Most colleges would like to carry a superior reputation. Part of obtaining a good reputation is by recruiting students that would best represent their schools.

The cost of recruitment and marketing can vary greatly, depending on if the college is public or private or if there’s international recruitment involved. There’s also outsourcing to recruitment agencies.

So how much are these colleges really dishing out?  

It wasn’t until recently, that U.S. colleges lifted it’s ban and began outsourcing to recruitment agencies. It’s been a rare practice thus far with about 20-30% of U.S. based colleges using third-party agencies to attract a more diverse student body, talent and students who have achieved academic/athletic excellence.

Prior to the ban being lifted, it had been illegal for colleges to use recruitment agencies to gain more international students, but colleges still are not able to pay these agencies to recruit home students.

Where outsourcing to recruitment agencies is rare in the U.S. and even frowned upon, this practice is widely used in countries such as the U.K. and Australia, as well as many other foreign countries, leaving the United States low on the totem pole in regards to using third-party agencies.

Recruitment agencies usually charge a fee or commission., sometimes even both. Who foots the bill for these fees and commissions?
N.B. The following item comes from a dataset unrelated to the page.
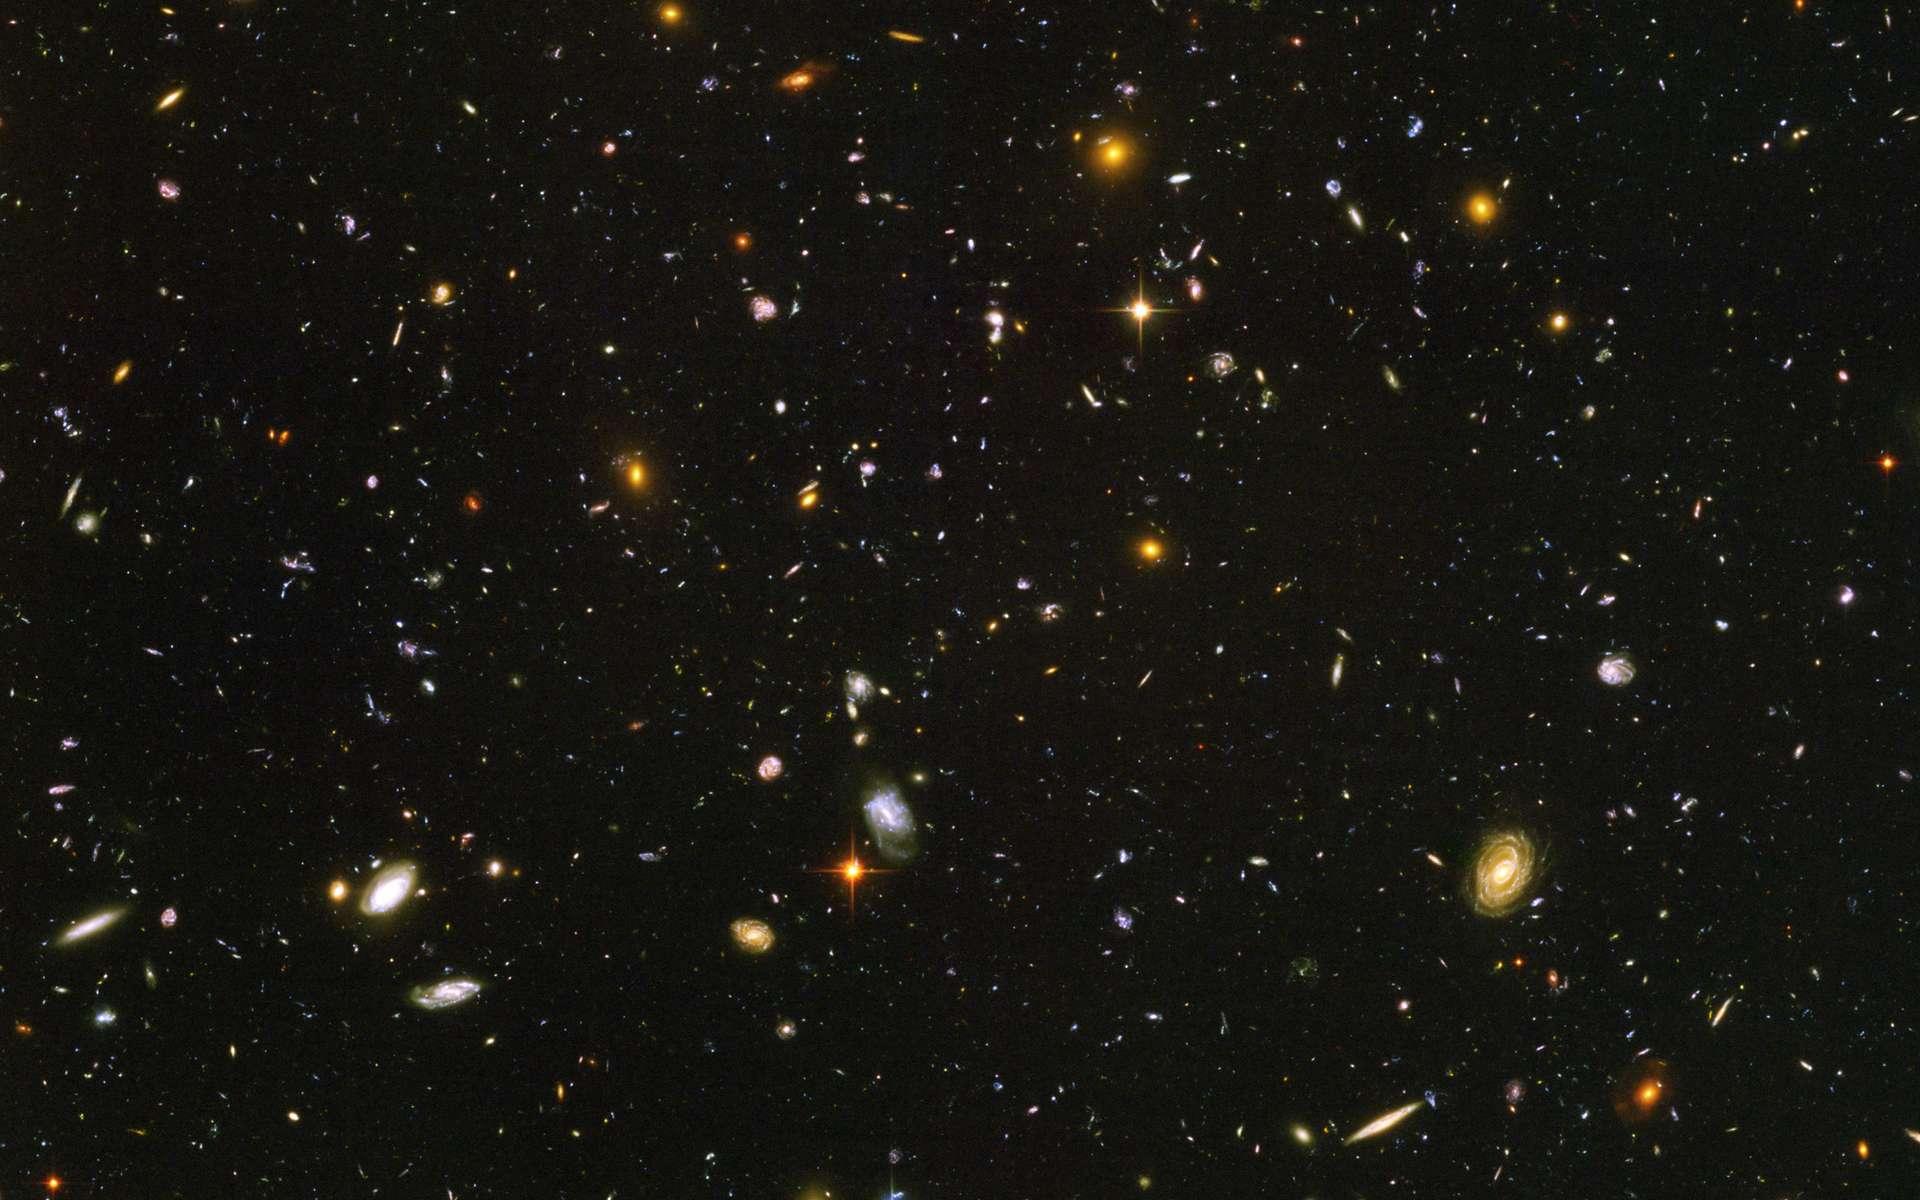 La cosmologie a bénéficié des observations réalisées en champ ultra-profond par le télescope spatial Hubble. © Nasa, Esa, S. Beckwith et l'équipe HUDF

Institutions, students or both. While some agencies waive certain fees, others appear to double dip, receiving commission, bonuses or incentives from institutions as well as fees from students.

Out of pocket cost paid by students can range from $0 to upwards of $5000 USD. On the high end, this would be more of an appropriate estimate for an international student looking to study abroad.
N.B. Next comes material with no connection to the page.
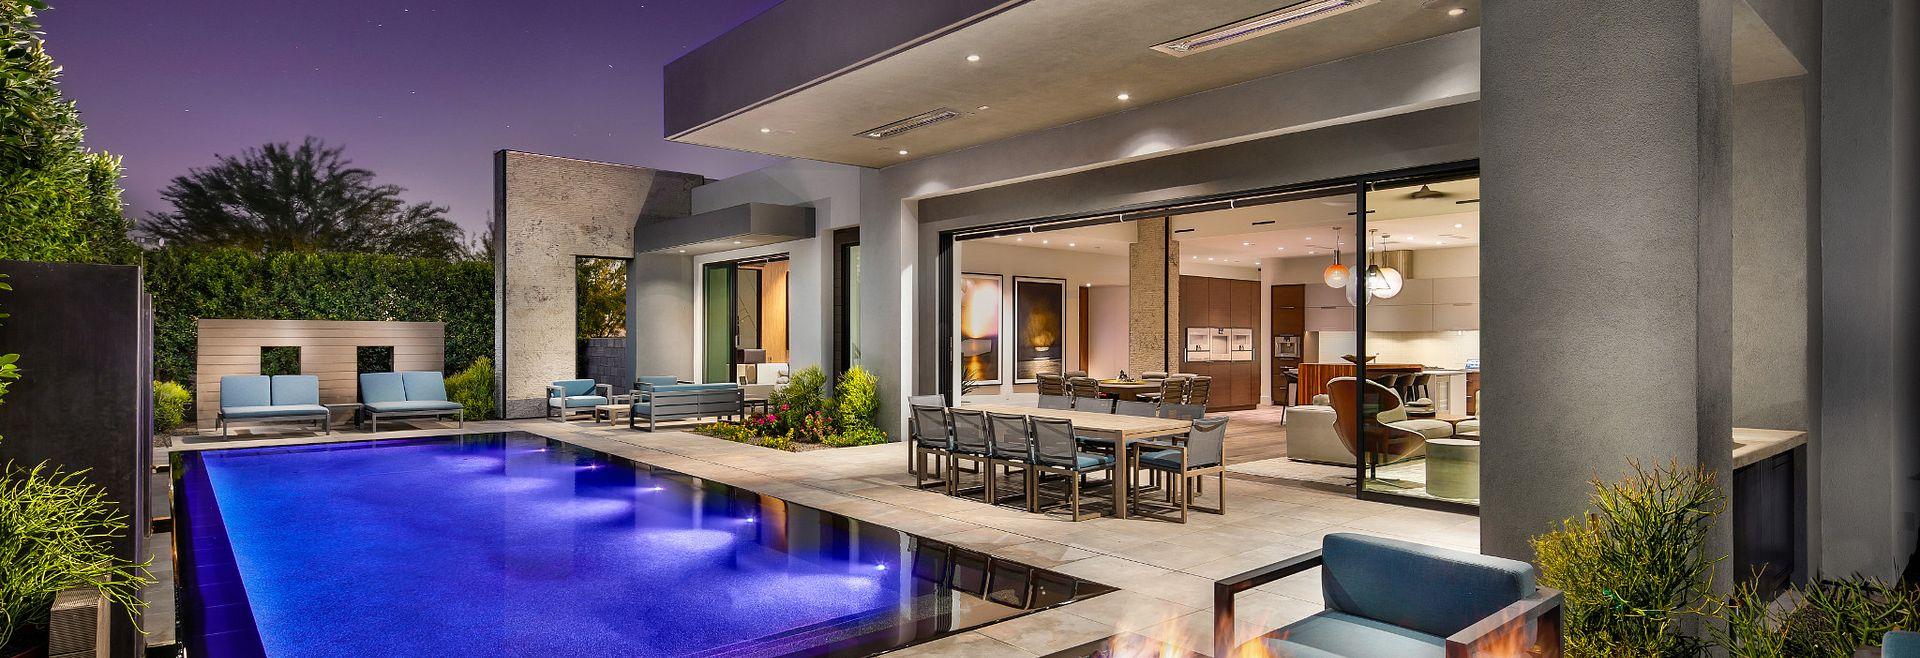 Azure Backyard Pool

Higher education institutions may pay recruitment agencies a percentage, roughly around 15% of a student’s first-year tuition.
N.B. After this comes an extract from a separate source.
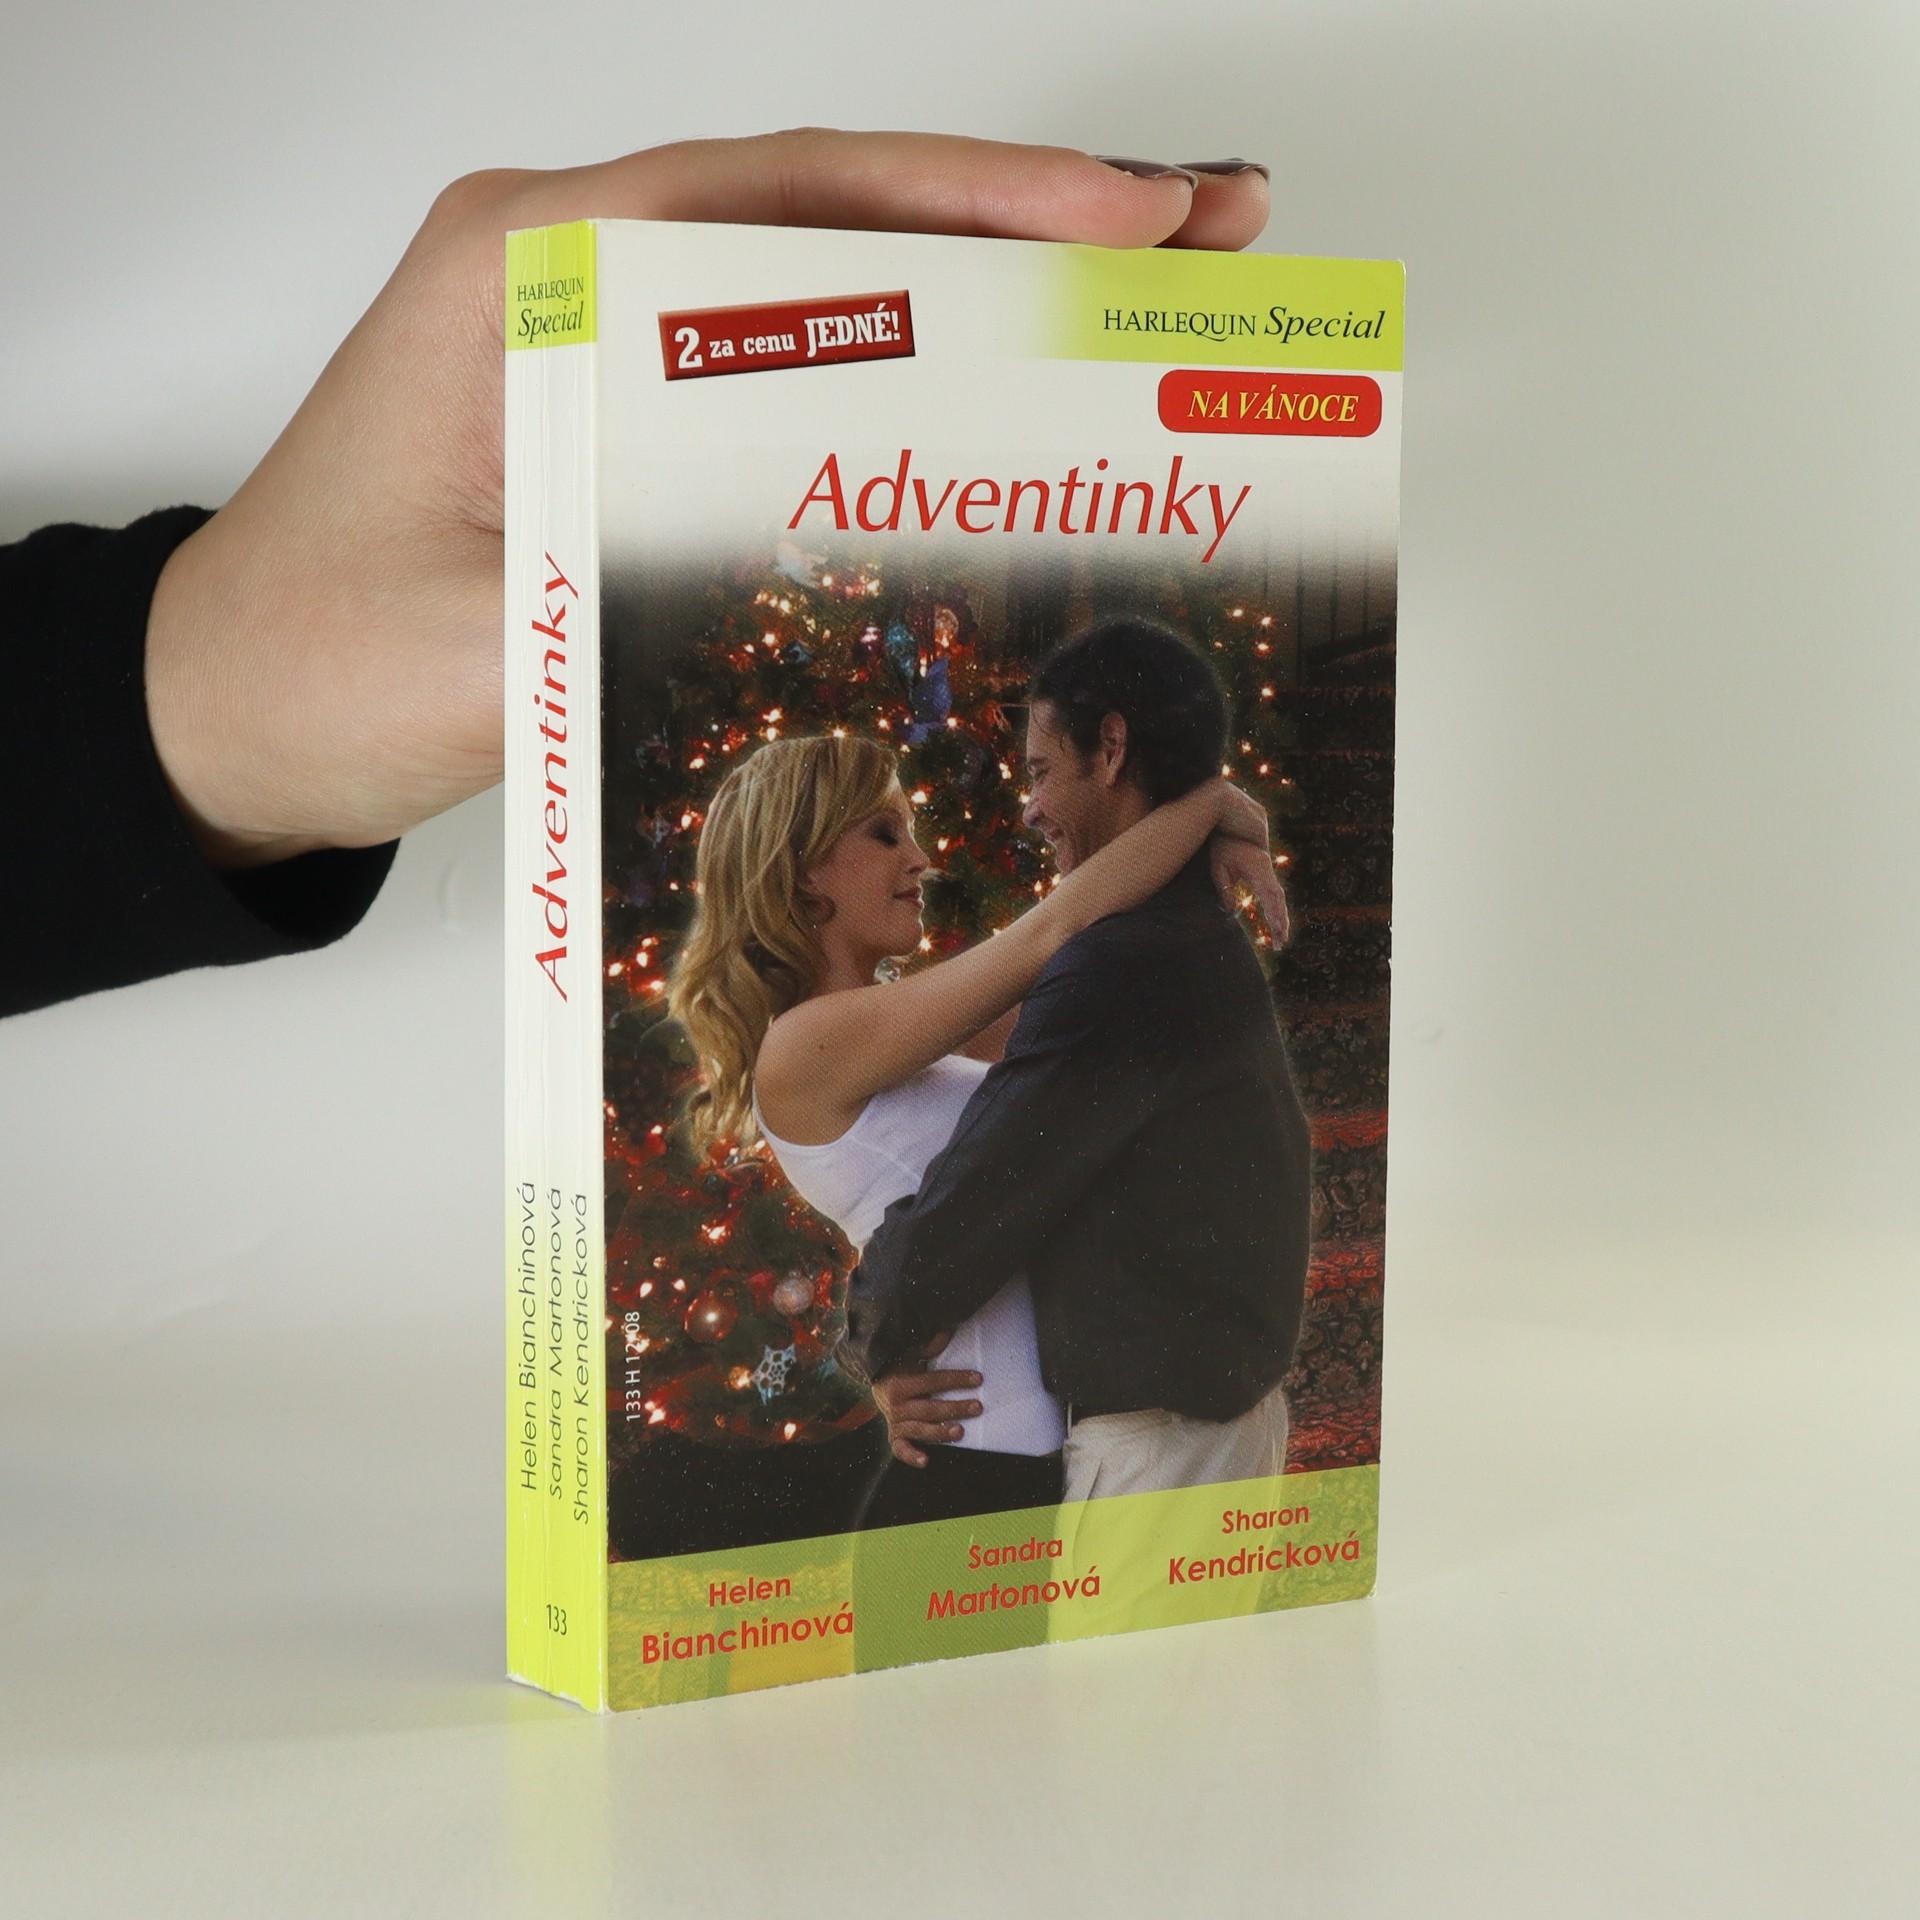 antikvární kniha Adventinky, neuveden

The median cost of recruitment per student at a private college can hover around $2,450+. For public colleges, we are looking at a median of $460+ within the United States. These figures are specific to home-based students. For international students, these costs can more than double.

Marketing strategies

Marketing goes hand in hand when it comes to recruiting and enrolling new students to colleges. So how are colleges catching the attention of prospective students?

Technology. Emails, texts, apps, social media to name a few.

From a 2015 survey conducted, high school juniors and seniors, around 78%, found that they had a better perception of a college based on a college’s website.

60% of high school seniors and 55% of juniors had expressed that they were more likely to consider an institution based on their ability to digitally interact.

40% of high school seniors and 45% of juniors preferred the visuals of print and were more accepting of phone communications.

What’s it going to cost?

Today, most all institutions have developed strategies to market a strong brand; hiring marketing companies to assure this. Colleges have also utilized marketing automation tools in order to target a wider range of students for recruitment.

For colleges looking to third-party marketing agencies to boost their brand and marketing, a 2015 data report has shown that 63% of institutions paid more than $100,000 on branding and marketing initiatives with 31% of institutions spending more than  $200,000 on strategies.  The average time spent researching to launch a brand is a duration between 9-15 months.

Some institutions bypass high costs of marketing strategies by taking advantage of analytics and social media engagement.

Institutions can target by age, location, sex, interests. This method helps shave down the costs of hiring marketing agencies while attracting specific potential students for recruitment/enrollment. 

The costs for the average student life cycle vary, relying on loose estimates in determining costs that students and educational institutions both foot the bill for.